Task requirements
Could you retype the whole listing word for word and drop the images?

Input data
++++

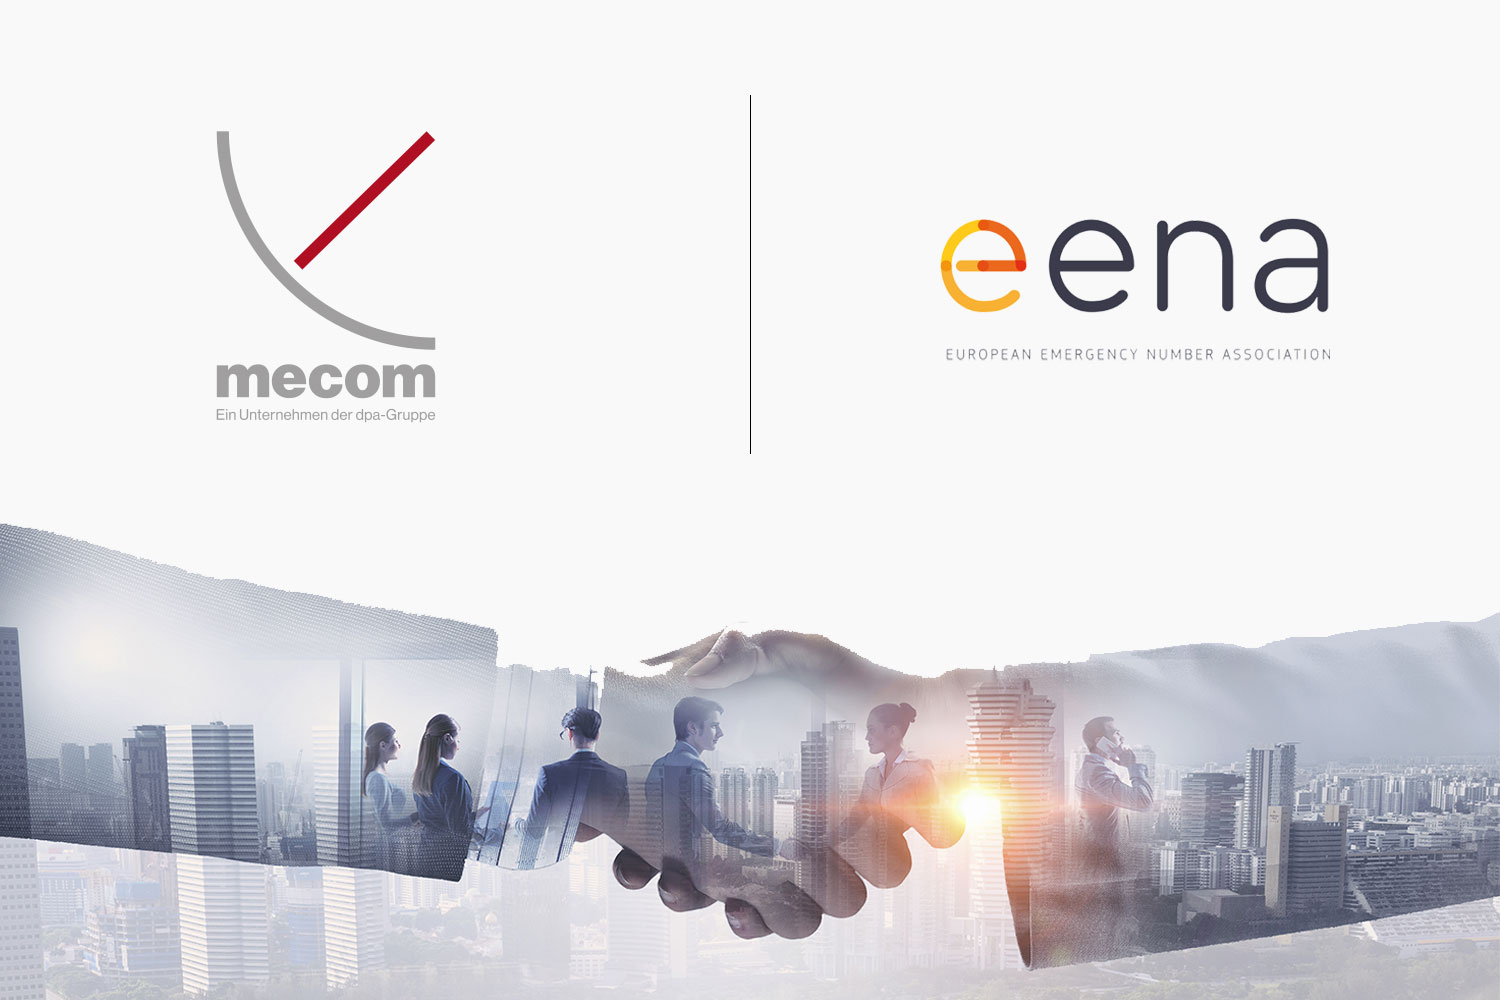 mecom a new member of the non-profit European Emergency Number Association (EENA) in charge of the European emergency number service 112
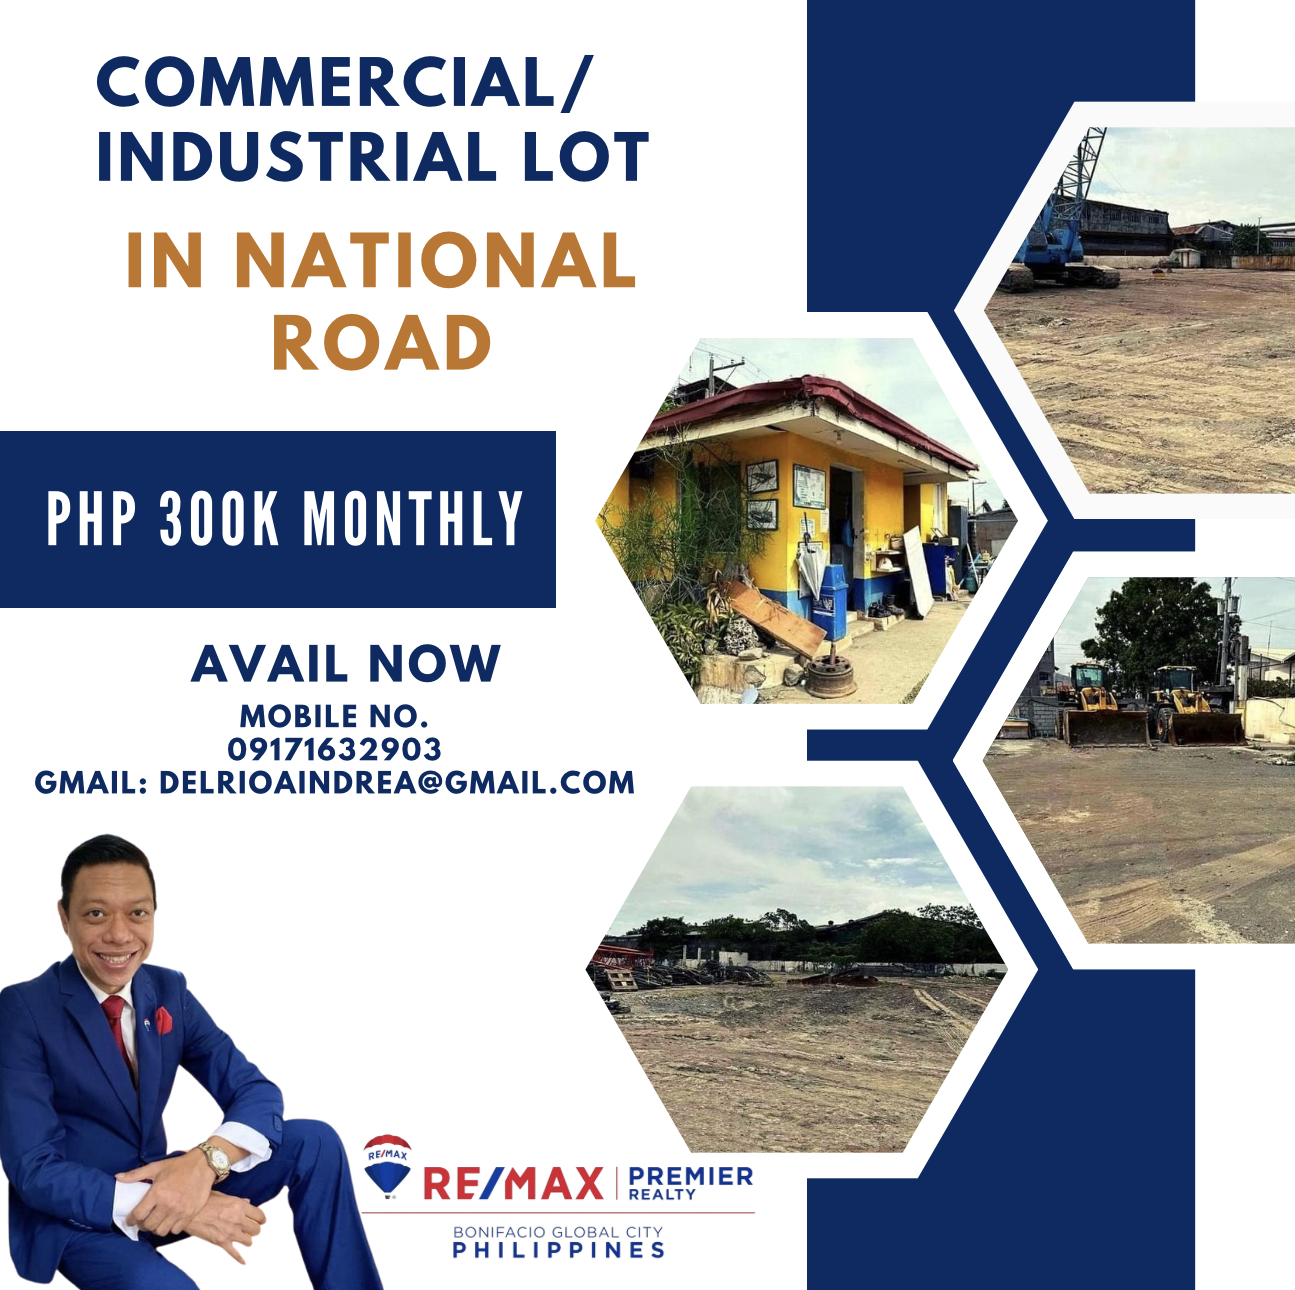 RESIDENTIAL PROPERTY FOR SALE in Wack – Wack Subdivision‼️
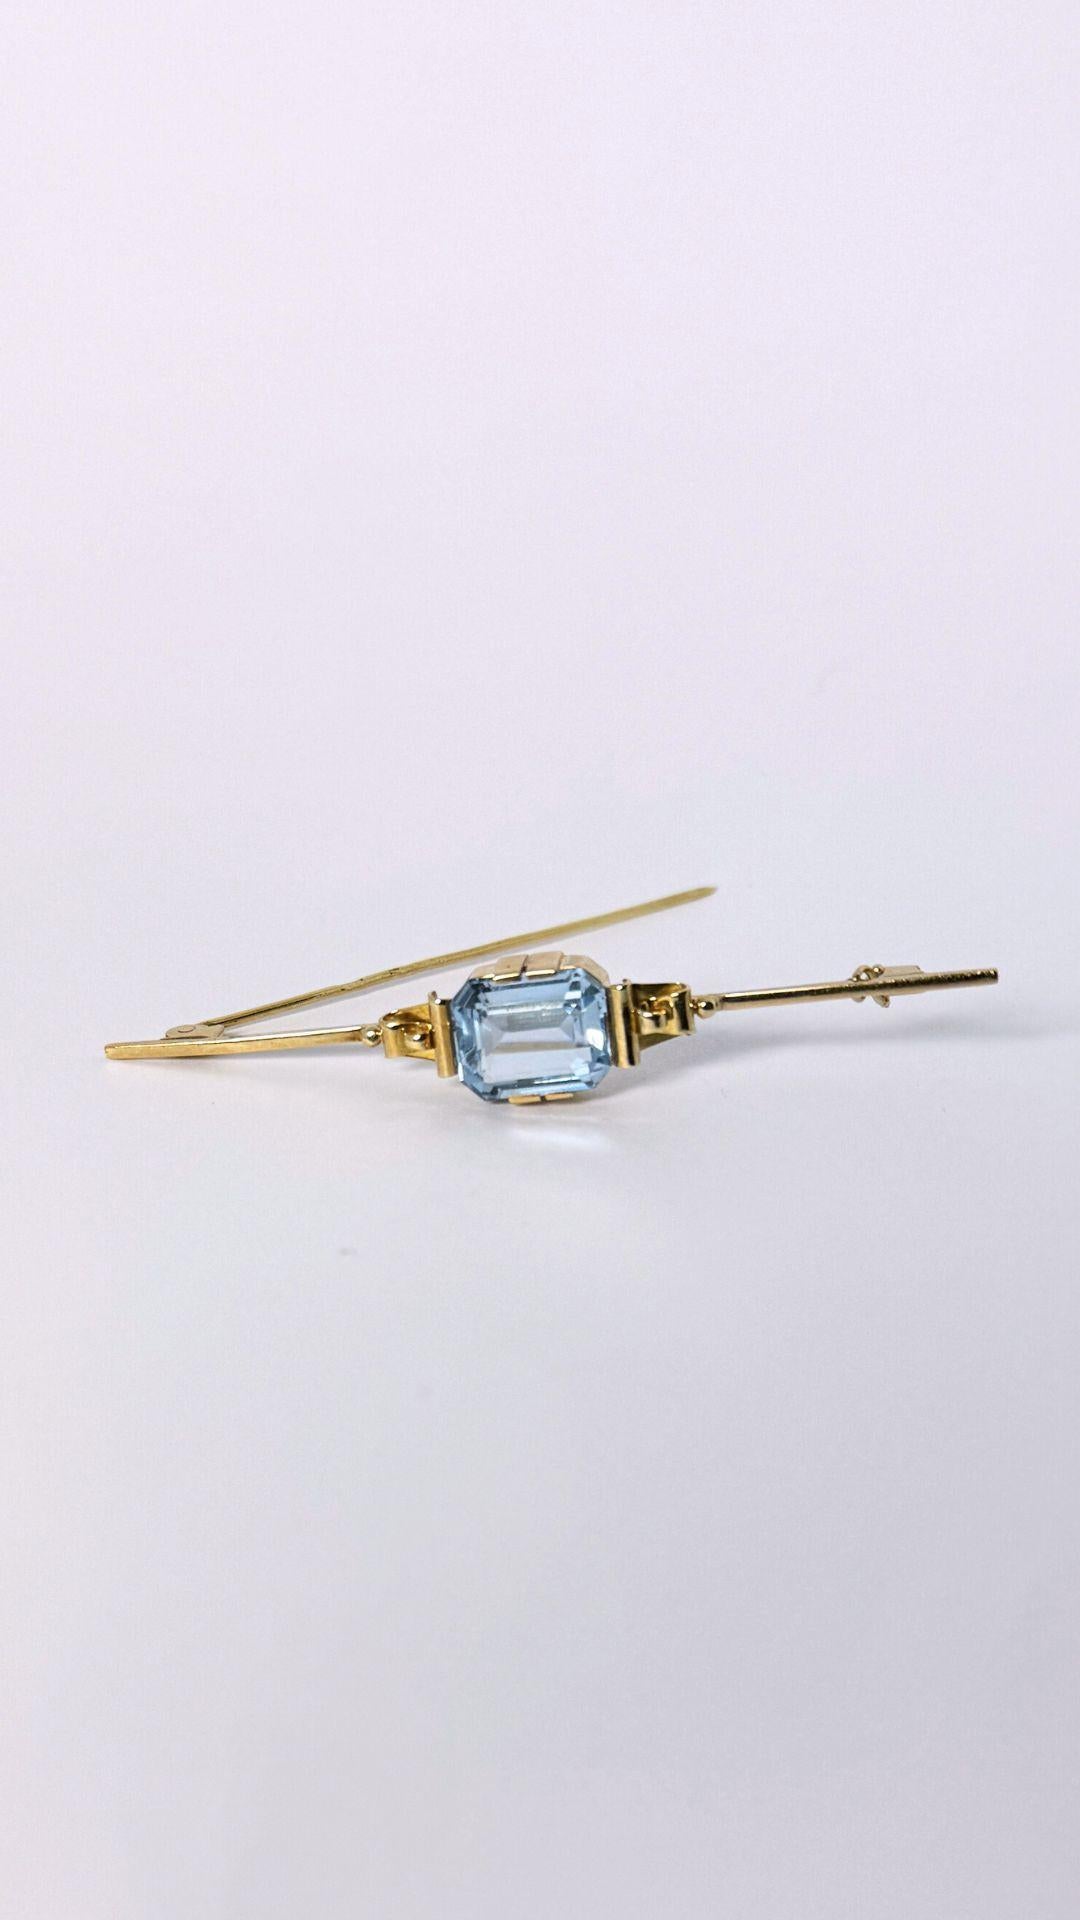 European vintage pin 14 carat gold with blue topaz In Good Condition For Sale In Heemstede, NL

++++

Problem solution
 mecom a new member of the non-profit European Emergency Number Association (EENA) in charge of the European emergency number service 112
 RESIDENTIAL PROPERTY FOR SALE in Wack – Wack Subdivision‼️
 European vintage pin 14 carat gold with blue topaz In Good Condition For Sale In Heemstede, NL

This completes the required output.